Kurina feels a little better physically at least, as the remaining acid evaporates and the sick feeling leaves her stomach.

(ooc: left to act: Haessellekh, Zach, Kurina, Yolo.  See OOC)


----------



## Jemal (Apr 17, 2007)

"Damit!" Kurina sees Zach being mauled, and moves from behind the tree, out into the open "HEY BIG UGLY, OVER HERE!  I'M READY FOR ANOTHER ROUND!" SHe shouts, sending another group of arrows at it 

move 30' out into the open, and Manyshot again.
Manyshot : +30, Damage 1d8+9 +1d6 fire X 4.  Range 165'  Threat 19-20/X3
*2 rounds left till Shift*


----------



## Ivellious (Apr 17, 2007)

Zach brings the shield to his chest to touch himself as he allows the holy aura heal some of his wounds.  He then flees hoping that he might be able to recover some of his wounds.
Heals 40 points and flys back 50ft away from the Tarrasque


----------



## Brother Allard (Apr 17, 2007)

Yolo quickly turns and swooping after Zach, intending to cast _Heal_, provided he can catch him.


----------



## kinem (Apr 17, 2007)

Kurina's volley of four flaming arrows in one shot hits the monster, but most of the arrows just slide off, scorching it just a bit though.

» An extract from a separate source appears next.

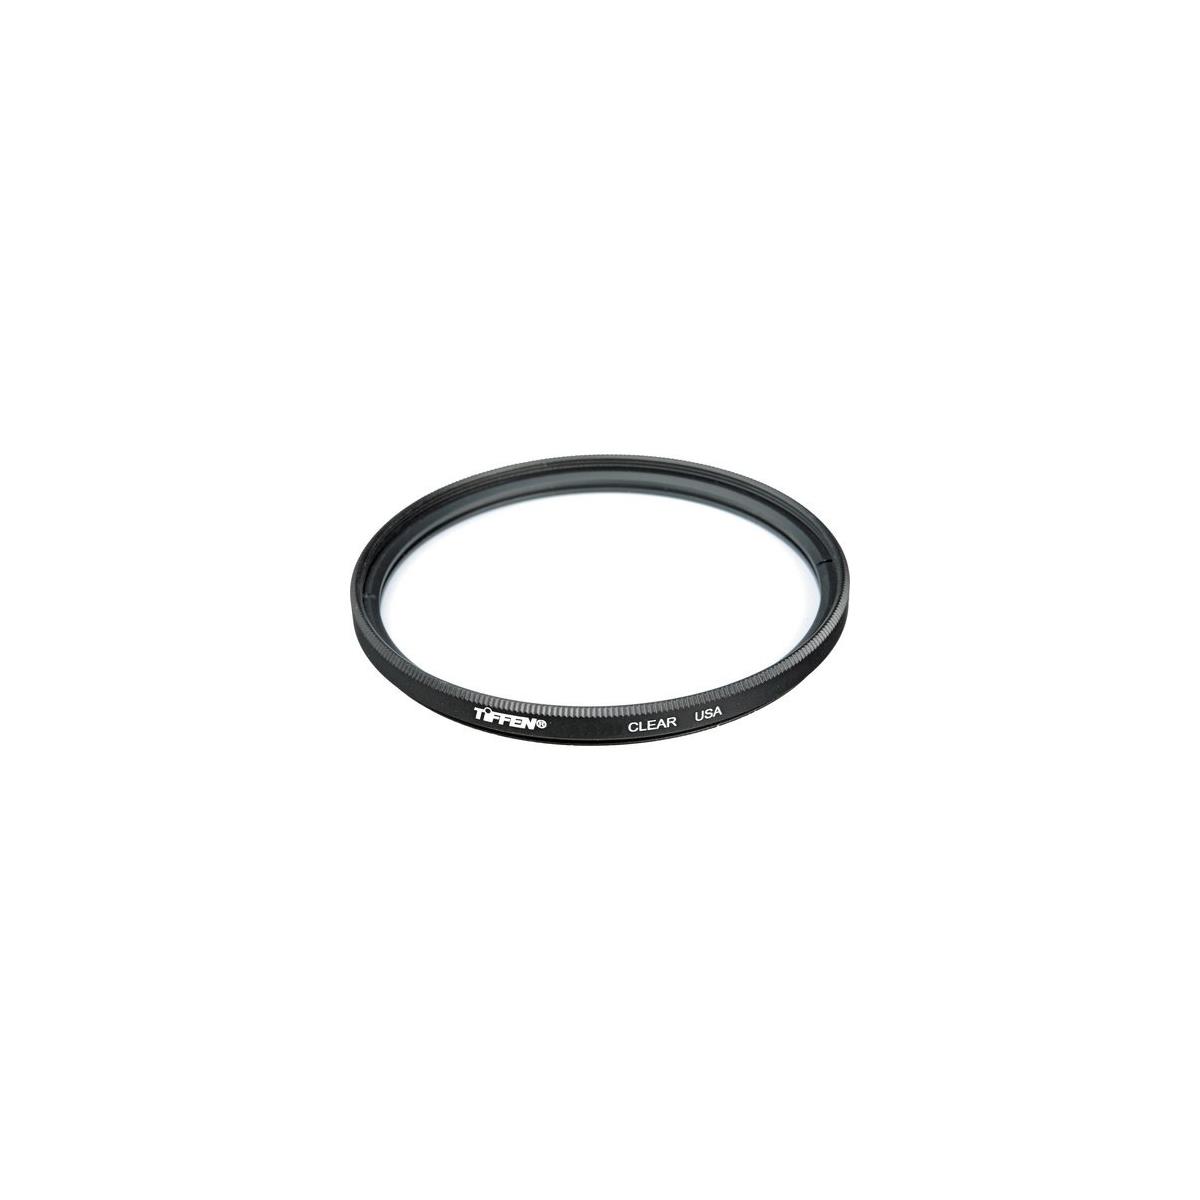 Tiffen 67mm Clear Protection Glass Filter

Zach feels better as he touches himself, as the healing energy starts to close his wounds.  When he flys away, the tarrasque sees an opportunity to bite him again, and the massive jaws catch a bit of him as they snap shut.  It considers swallowing the annoying morsel, but unfortunately, its stomach is already nearly full of cows and horses and peasants, so it lets Zach go.

Yolo swoops down and tries to aim for Zach.  His aim is good, and he taps the paladin; the healing energy flows through Zach and cures most of his wounds.  (ooc: He's now at 227 hp)

(ooc: left to act: Haesellekh)


----------



## kinem (Apr 19, 2007)

(ooc: Moving along due to going out of town.)

Haessellekh does not react in time to try anything else before the tarrasque takes action again.

(ooc: round 6)

The giant monster hurts, though it knows these annoying pests are nothing to it.  Still, it can use some time - just a few moments - for its wounds to heal, especially with the creatures somehow making it burn; it will finish the pests later.  Incredibly, it takes off running, away from Grandfather and so away from the city, at an incredible speed.  It runs some six hundred feet in a few seconds, before it is forced to slow down again.

It is now about 600' from most of the party, and about 900' from Kurina.


----------



## Jemal (Apr 19, 2007)

Um, if it ran away from the city, shouldn't that be _towards_ Kurina, who moved to the opposite side of it?


----------



## Voidrazor (Apr 20, 2007)

"Grandfather's attacks appeared to be effective but will heal quickly. Shall we pursue? Or simply follow at a distance to see if it leaves the vicinity?"


----------



## Shayuri (Apr 22, 2007)

Grandfather's dire bat form blurs and twists...seems to dissipate into a near-transparent vortex of air.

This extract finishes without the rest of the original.